Poor Miss Truefitt looked much shocked. Molly and Nora bade her good-by, and nodded to Stephanotie, who stood upon the doorstep and watched them down the street; then she returned to her aunt.
"I did think," said Miss Truefitt slowly, "that the girls belonging to your school were ladylike; but to come here without gloves, and that eldest girl, Miss Hartrick, to use such a shocking expression."
"Oh, bless you, Aunt Vi! it's nothing to the expressions she uses at school. She's a perfect horror of a girl, and I like her for that very reason. It is that horrid little Linda would please you; and I must say I am sorry for your taste."
Stephanotie went upstairs to arrange her wardrobe for the next day. She had long wished to visit Molly's home. The Laurels was one of the prettiest places in the neighborhood, and Molly and Linda were considered as among the smartest girls at the school. Stephanotie wished to be hand-and-glove with Molly, not because she was supposed to be rich, or respectable, or anything else, but simply because her nature fitted to that of the wild, enthusiastic American girl. But, all the same, now that she had got the entree, as she expressed it, of the Hartricks' home, she intended to make a sensation.
"When I do the thing I may as well do it properly," she said to herself. "I will make them open their eyes. I have watched Mrs. Hartrick in church; and, oh dear me! have not I longed to give her a poke in the back. And as to Linda, she thinks a great deal of her dress. She does not know what mine will be when I take out my very best and most fascinating gown."
Accordingly Stephanotie rifled her trunk, and from its depths she produced a robe which would, as she said, make the members of The Laurels sit up. It was made of rose-colored silk, and trimmed with quantities of cream lace. The skirt had many little flounces on it, and each was edged with lace. The bodice was cut rather low in the neck, and the sleeves did not come down anything like as far as the wrists. The rose-colored silk with its cream lace trimmings was altogether the sort of dress which might be worn in the evening; but daring Stephanotie intended to appear in it in the morning. She would encircle her waist with a cream-colored sash, very broad, and with much lace upon it; and would wear many-colored beads round her neck, and many bracelets on her arms.
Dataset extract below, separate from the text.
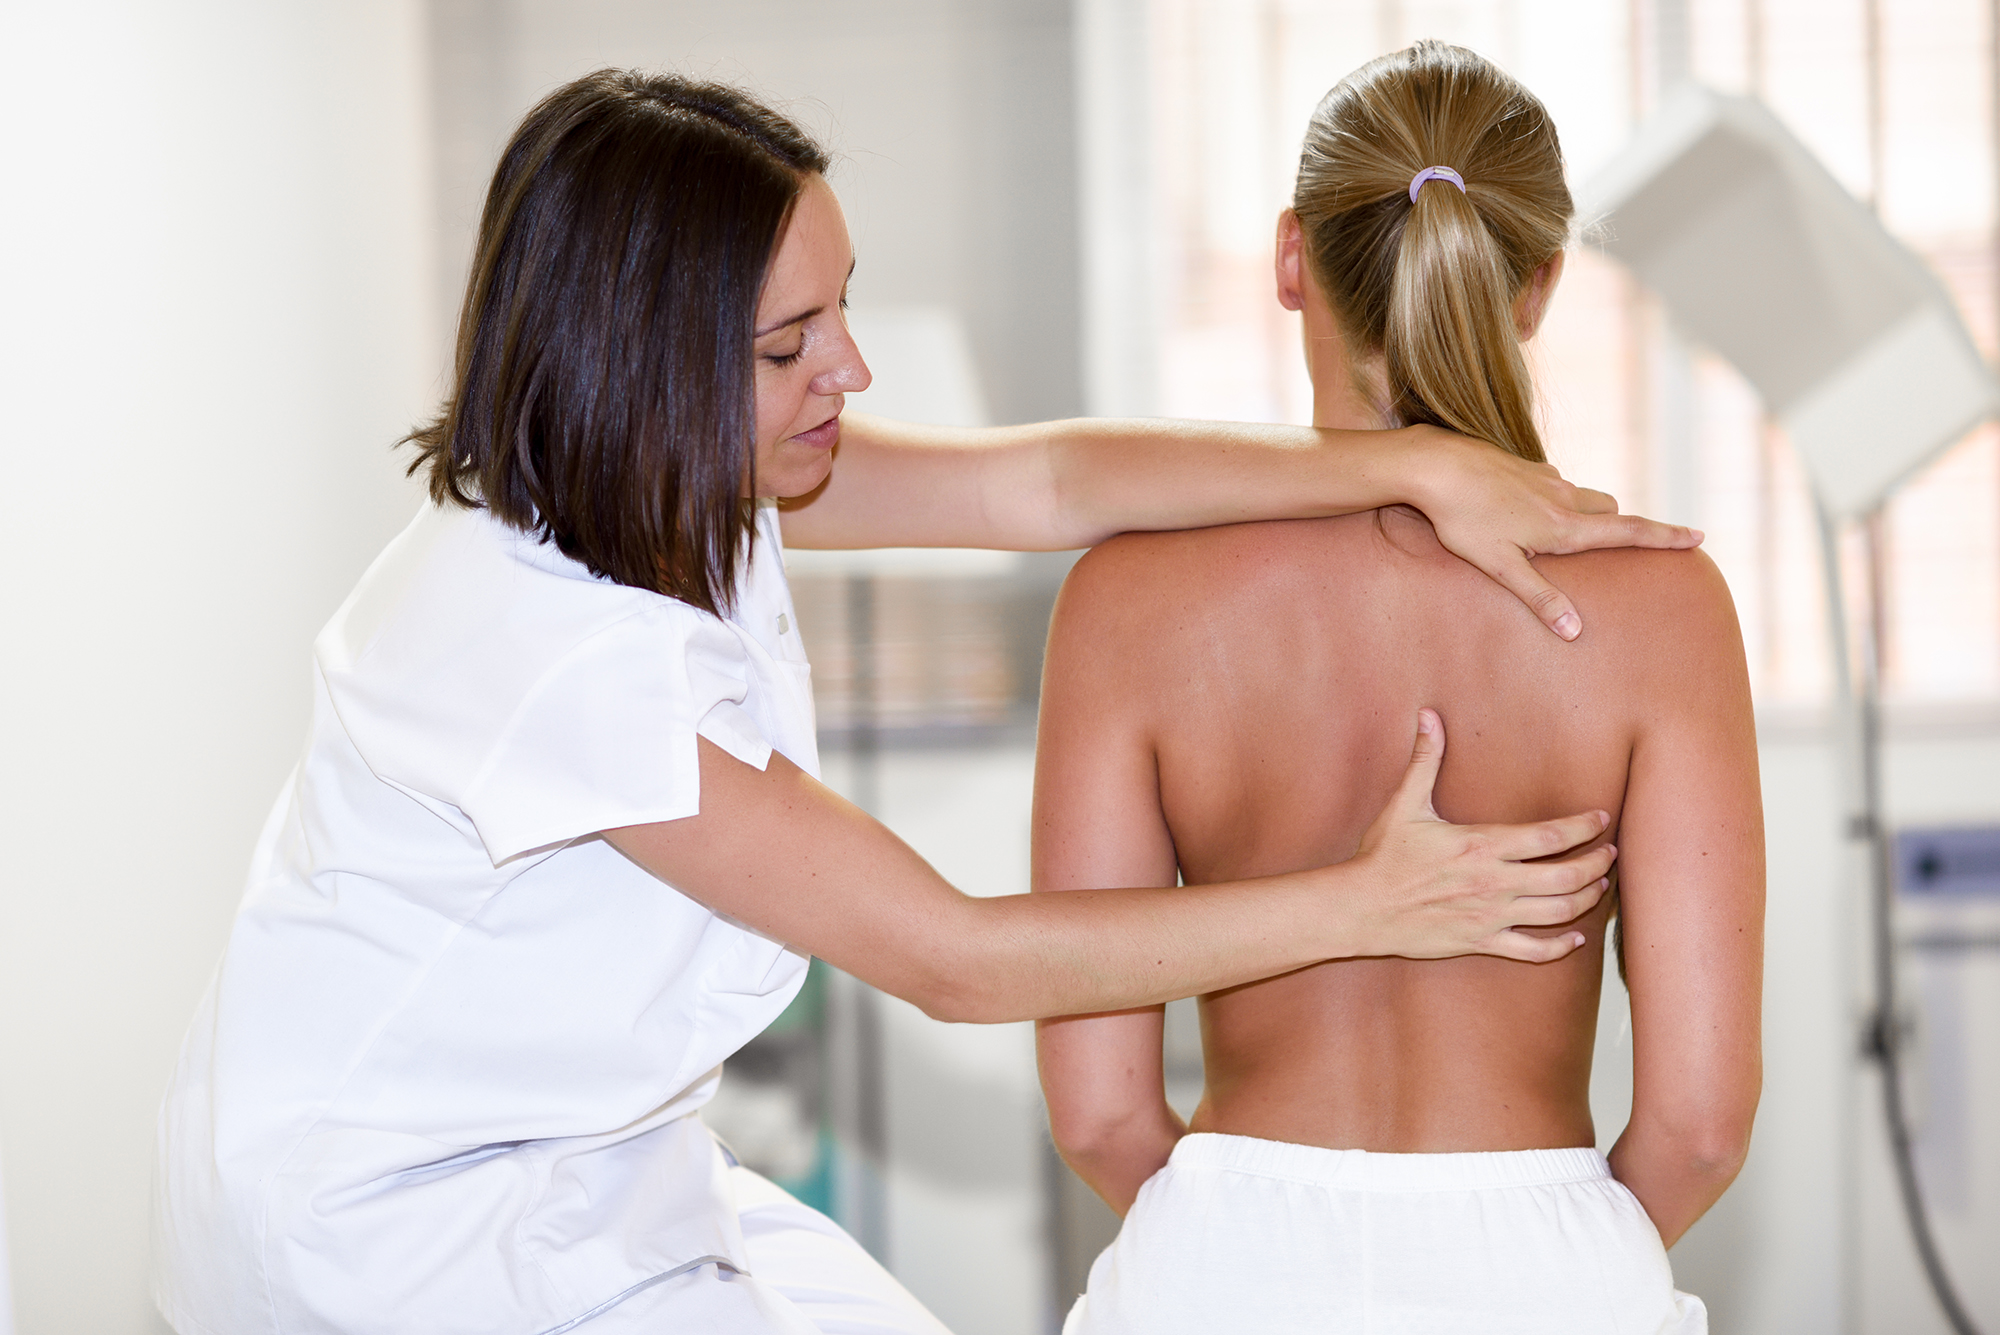 Medical check at the shoulder in a physiotherapy center.

"The whole will have a stylish effect, and will at any rate distinguish me from everyone else," was her inward comment. She shook out the dress, and then rang the bell. One of the servants appeared.
"I want to have this robe ironed and made as presentable as possible," said Stephanotie; "see you have it all done and put in my wardrobe ready for wear tonight. I guess it will fetch 'em," she added, and then she rushed like a whirlwind into the presence of Miss Truefitt.
"Auntie," she said, "would you like to see me done up in style?"
"I don't know, I am sure, my dear," said Miss Truefitt, looking at her with nervous eyes.
"Oh, dear, Aunt Vi! if you were to see mother now you wouldn't know her; she is wonderfully addicted to the pleasures of the toilet. There is nothing so fascinating as the pleasures of the toilet when once you yield to its charms. She rigged me up pretty smart before I left New York, and I am going to wear my rose-colored silk with the cream lace to-morrow."
"But you are not going to an evening party, my dear."
"No; but I shall stay all the evening, and I know I'll look killing. The dress suits me down to the ground. It is one of my fads always to be in something red; it seems to harmonize with my hair."
Miss Truefitt uttered a deep sigh.
"What are you sighing for, Aunt Vi?"
"Nothing, dear; only please don't offer me a bon-bon. The mere sight of those boxes gives me a feeling of nausea."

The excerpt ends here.